TOKYO -- Japanese Prime Minister Shinzo Abe and Russian President Vladimir Putin plan to meet on Jan. 21 in Moscow in hopes of advancing peace treaty talks over a 1956 pact promising the return of two disputed islands to Japan.
Tokyo and Moscow are currently negotiating the final details. The plan is for Abe to visit the Russian capital on his way to the World Economic Forum in Switzerland that starts Jan. 22.
The aim is to advance talks based on the 1956 declaration that states Russia will return two of the four southern Kuril Islands -- Habomai and Shikotan -- to Japan after Moscow and Tokyo sign a peace treaty. Abe and Putin agreed to this approach when they met in Singapore in November.

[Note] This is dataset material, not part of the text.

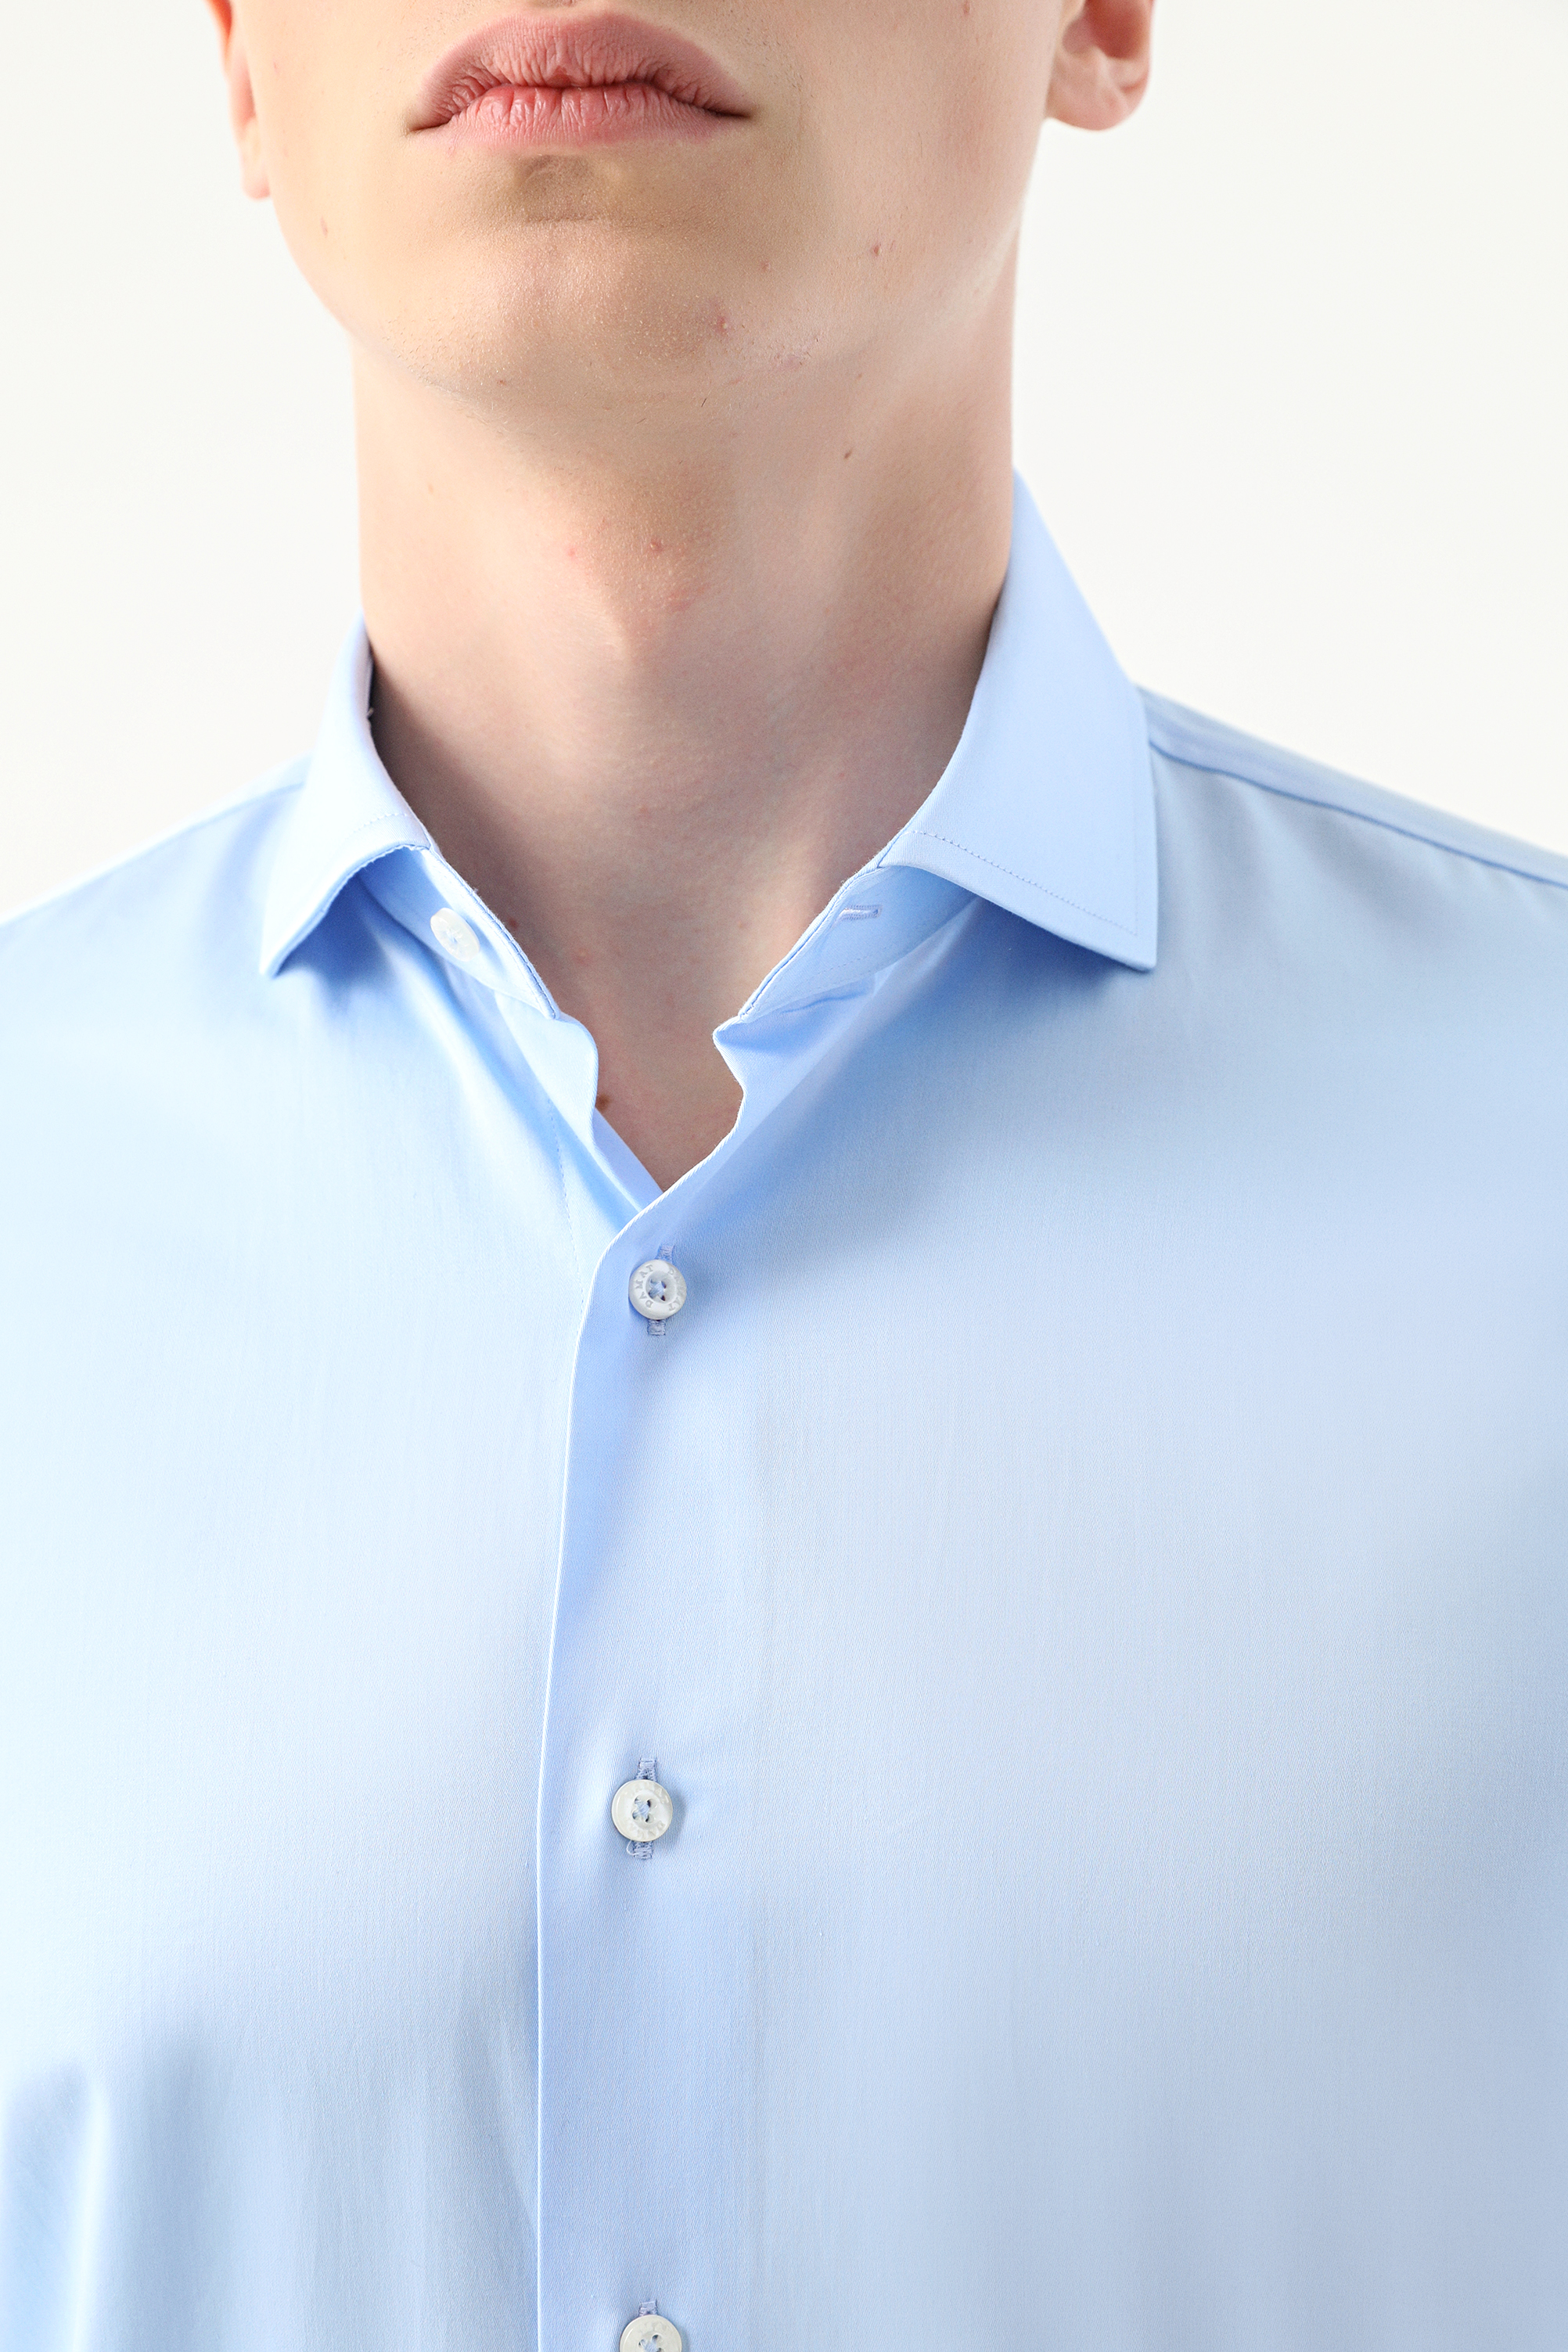 Damat Tween Damat Slim Fit Açık Mavi Düz Nano Care Gömlek. 2
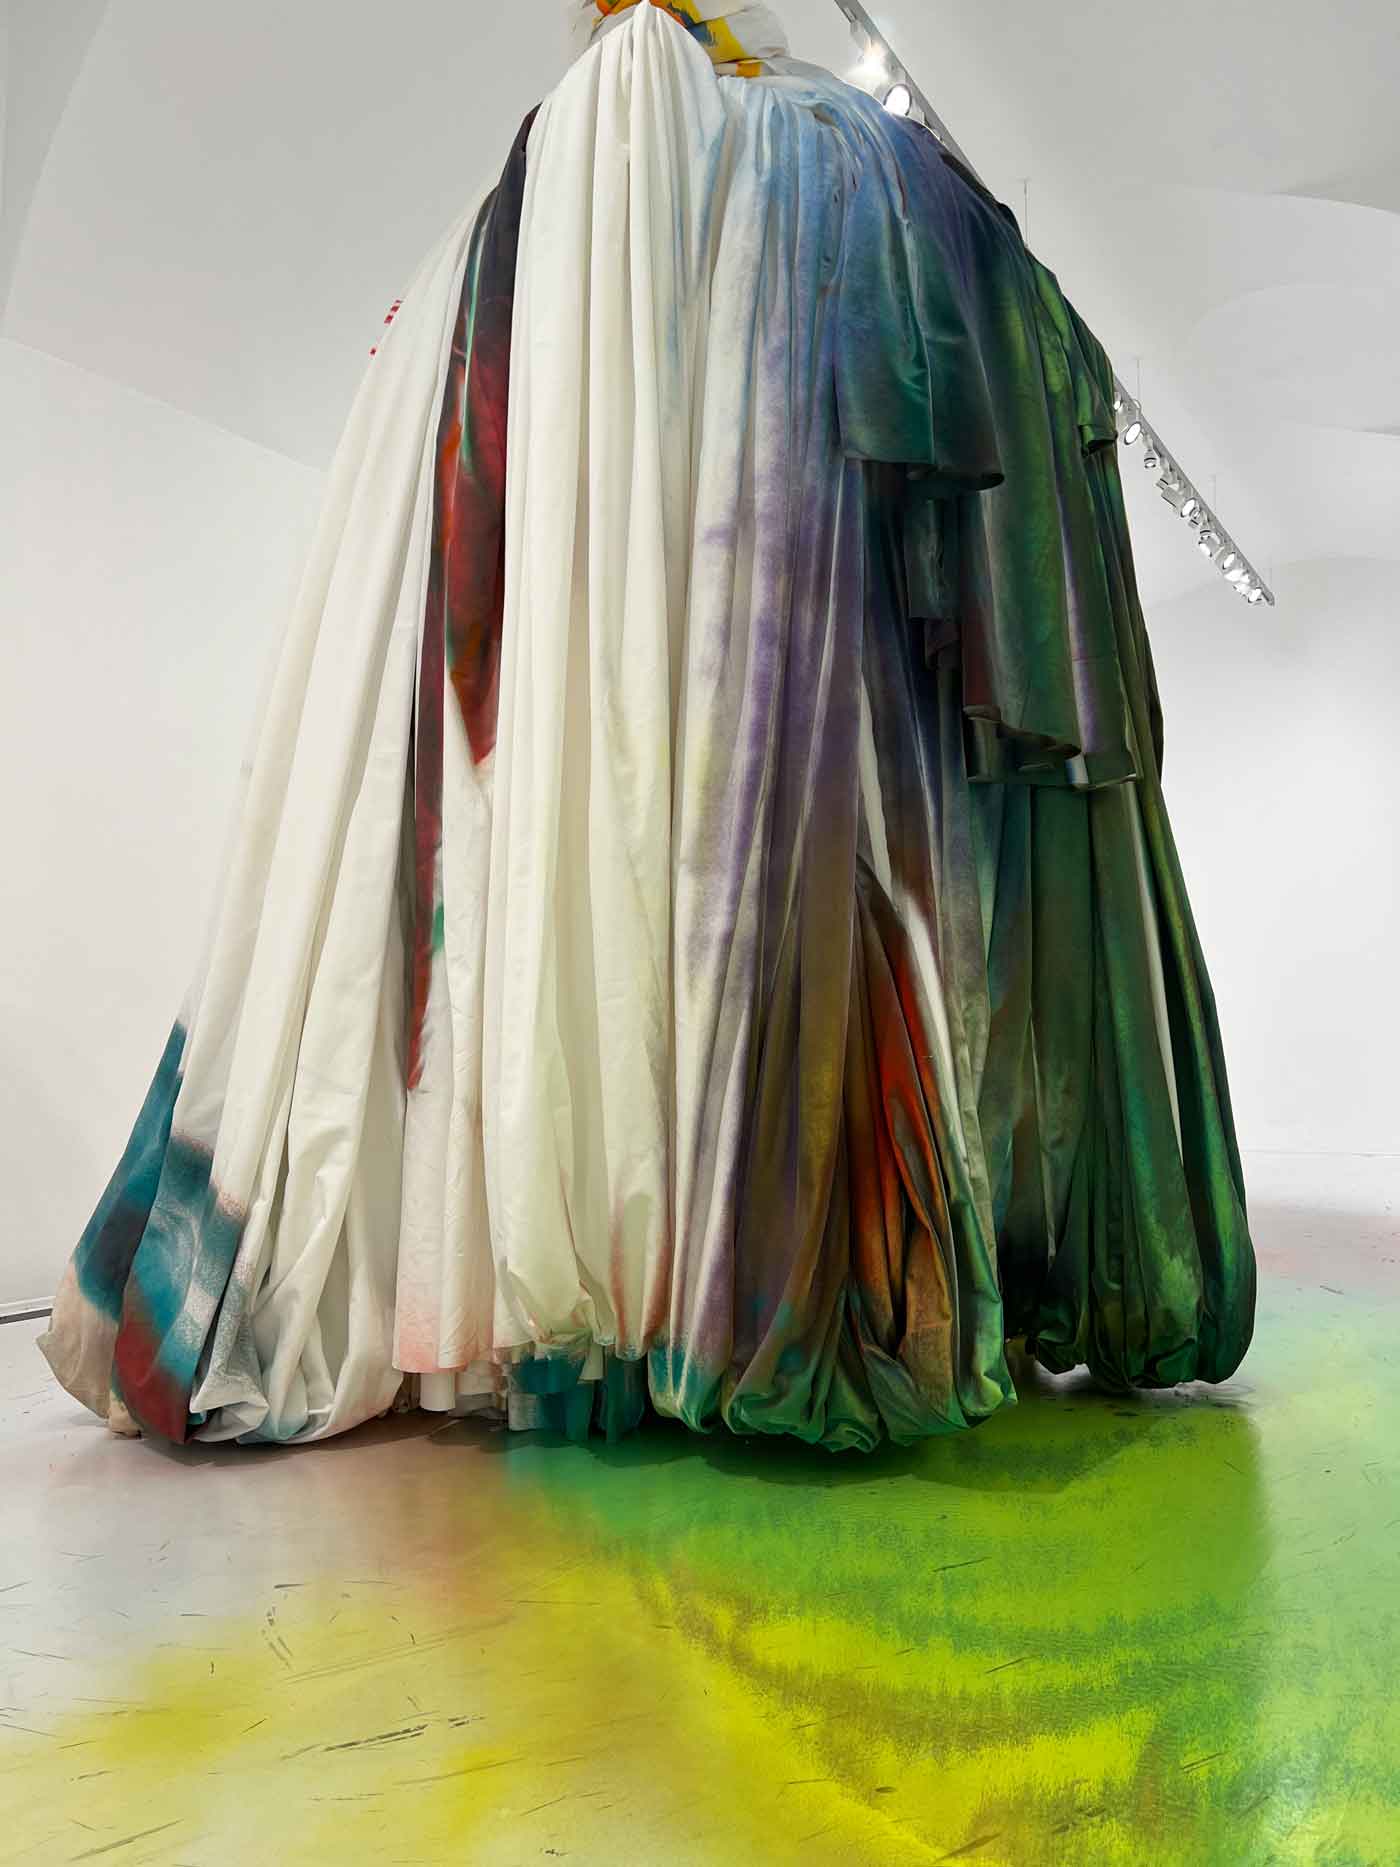 Kunstinstallation auf hängenden Textilien, die mit Farbe besprüht wurden

The dispute over the southern Kurils, which are administered by Russia and claimed by Japan as the Northern Territories, has prevented the two countries from signing a post-World War II peace treaty.
Prior to this, Foreign Minister Taro Kono and Russian counterpart Sergey Lavrov will meet Jan. 14 in Moscow to lay the groundwork for talks between the two leaders.
The Jan. 14 meeting will be the first since Abe and Putin designated their foreign ministers as top negotiators on the matter Dec. 1. Japan sought a mid-December meeting for Kono and Lavrov but was unable to arrange it with Russia.
Takeo Mori, Japan's senior deputy minister for foreign affairs, and Russian Deputy Foreign Minister Igor Morgulov have been named as special working-level negotiators.